The embodiments in the present specification are described in a progressive manner, each embodiment focuses on differences from other embodiments, and the same or similar parts in the embodiments are referred to each other.

The previous description of the disclosed embodiments is provided to enable any person skilled in the art to make or use the present invention. Various modifications to these embodiments will be readily apparent to those skilled in the art, and the generic principles defined herein may be applied to other embodiments without departing from the spirit or scope of the invention. Thus, the present invention is not intended to be limited to the embodiments shown herein but is to be accorded the widest scope consistent with the principles and novel features disclosed herein.

Claims

1. A driving control method is characterized in that a traveling pump provides power for driving action, and the control method comprises the following steps:

inquiring the current driving state according to a preset driving state table;

2. The traveling control method according to claim 1,

and obtaining a driving state table as a result under the condition that the corresponding relation between the position of the arm support relative to the underframe, the inclination angle of the slope, the swinging direction of the walking handle and the driving state is established.
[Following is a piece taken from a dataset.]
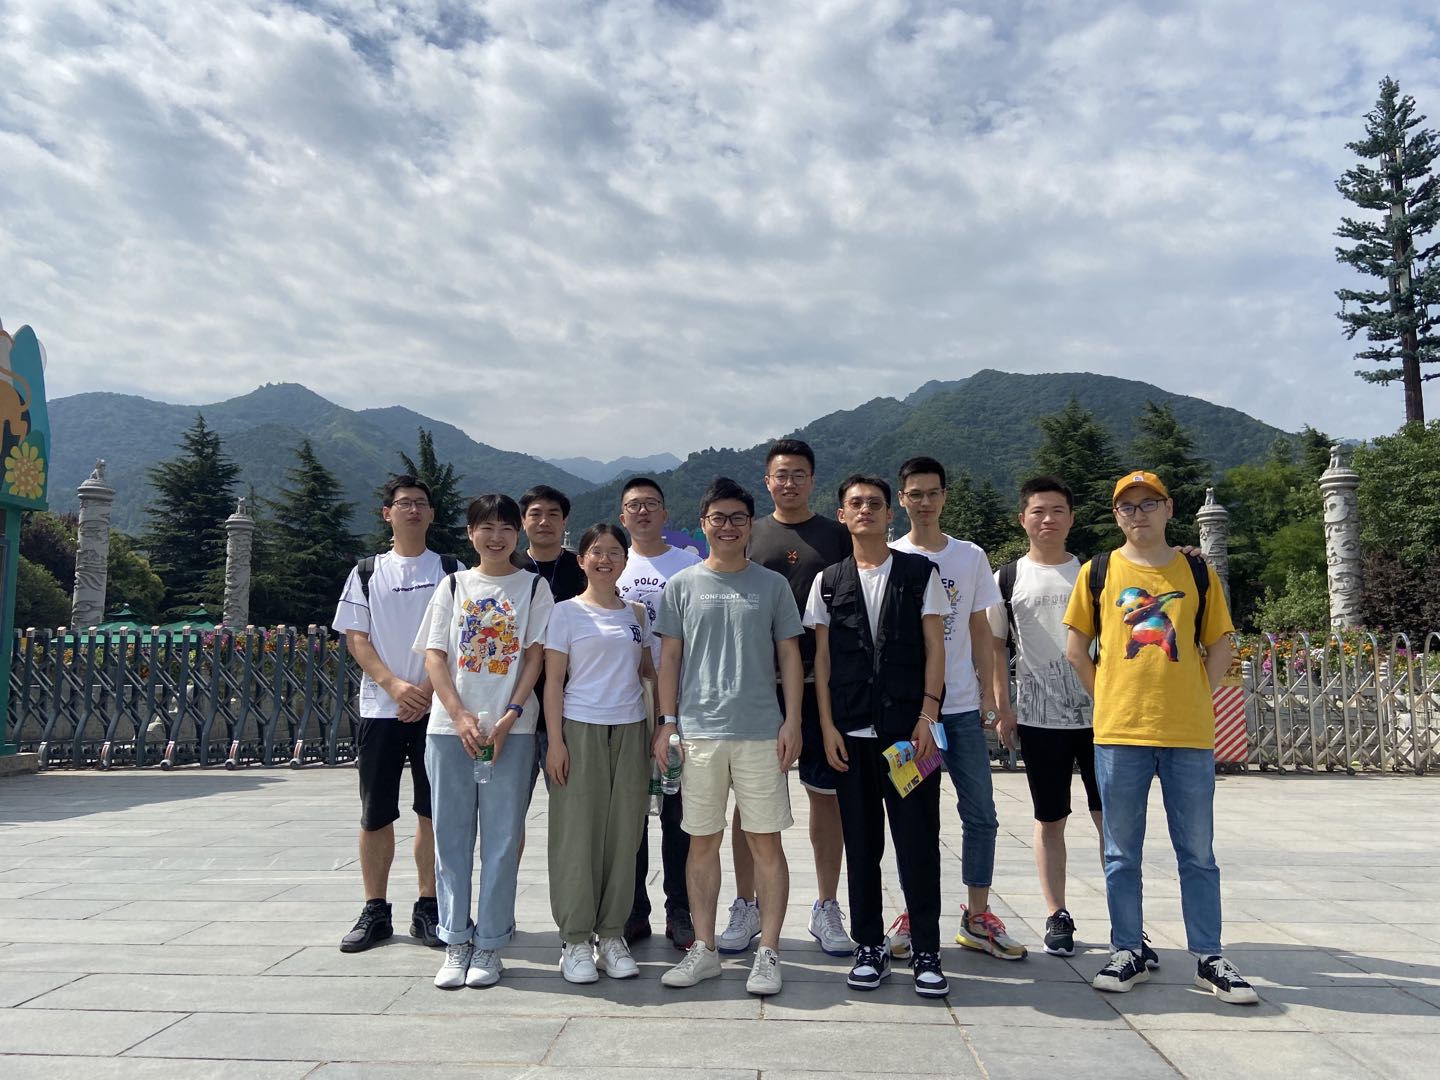 Our Group Out to Qinling Wildlife Park

3. The traveling control method according to claim 2,

the judgment result is that the current driving state is an uphill slope, and a control signal for reducing the output flow of the walking pump is not sent out,

4. The traveling control method according to claim 2,

obtaining the initial maximum current value of the walking pump under the current slope inclination angle according to the function relation between the preset initial maximum current value of the walking pump and the slope inclination angle;

when the rotating speed of the engine is less than or equal to the preset rotating speed, the initial maximum current value of the walking pump is unchanged, and a control signal for reducing the output flow of the walking pump is not sent out.
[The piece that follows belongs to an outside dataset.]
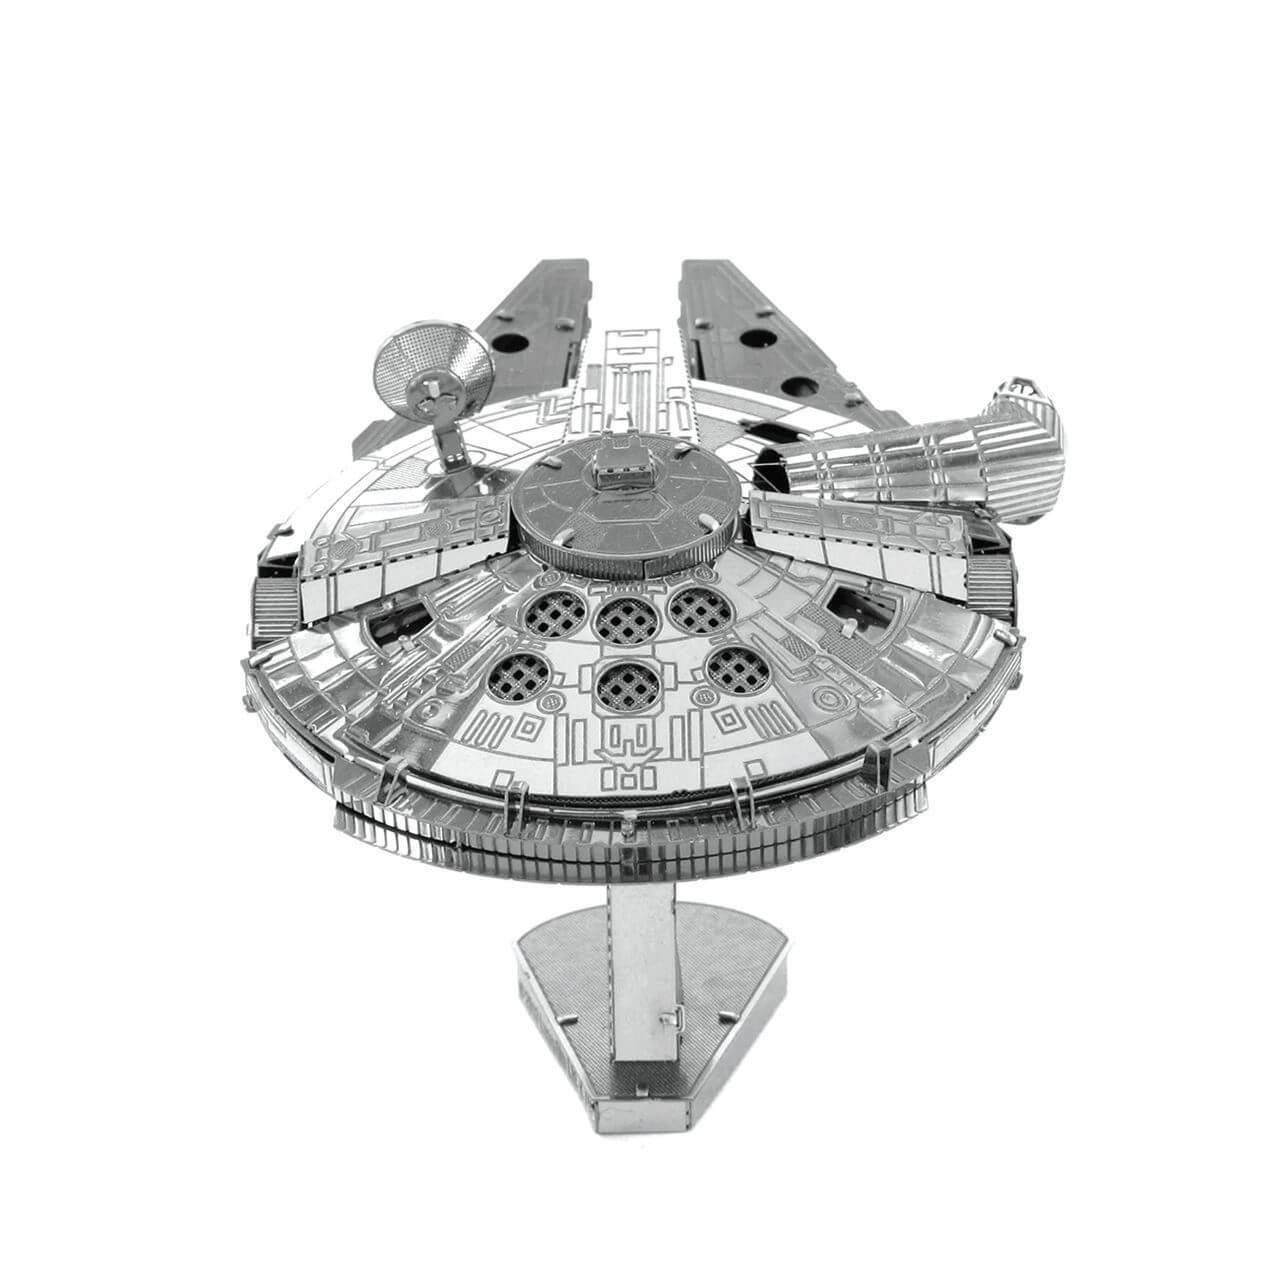 Back view of the Metal Earth Star Wars Millennium Falcon Metal Model Kit - 2 Sheets.

5. The traveling control method according to claim 2,

6. A traveling vehicle controller, characterized in that the controller comprises:

7. The traveling vehicle controller according to claim 6, further comprising:

the boom position acquisition unit is used for acquiring the position of the boom relative to the base frame;

8. The traveling vehicle controller according to claim 7, further comprising

The walking pump initial maximum current value acquisition unit is used for acquiring the walking pump initial maximum current value under the current slope inclination angle according to the function relation between the preset walking pump initial maximum current value and the slope inclination angle;

9. A driving control system, characterized by comprising a driving controller according to any one of claims 6-8;

10. An aerial lift truck comprising a ride control system as claimed in claim 9.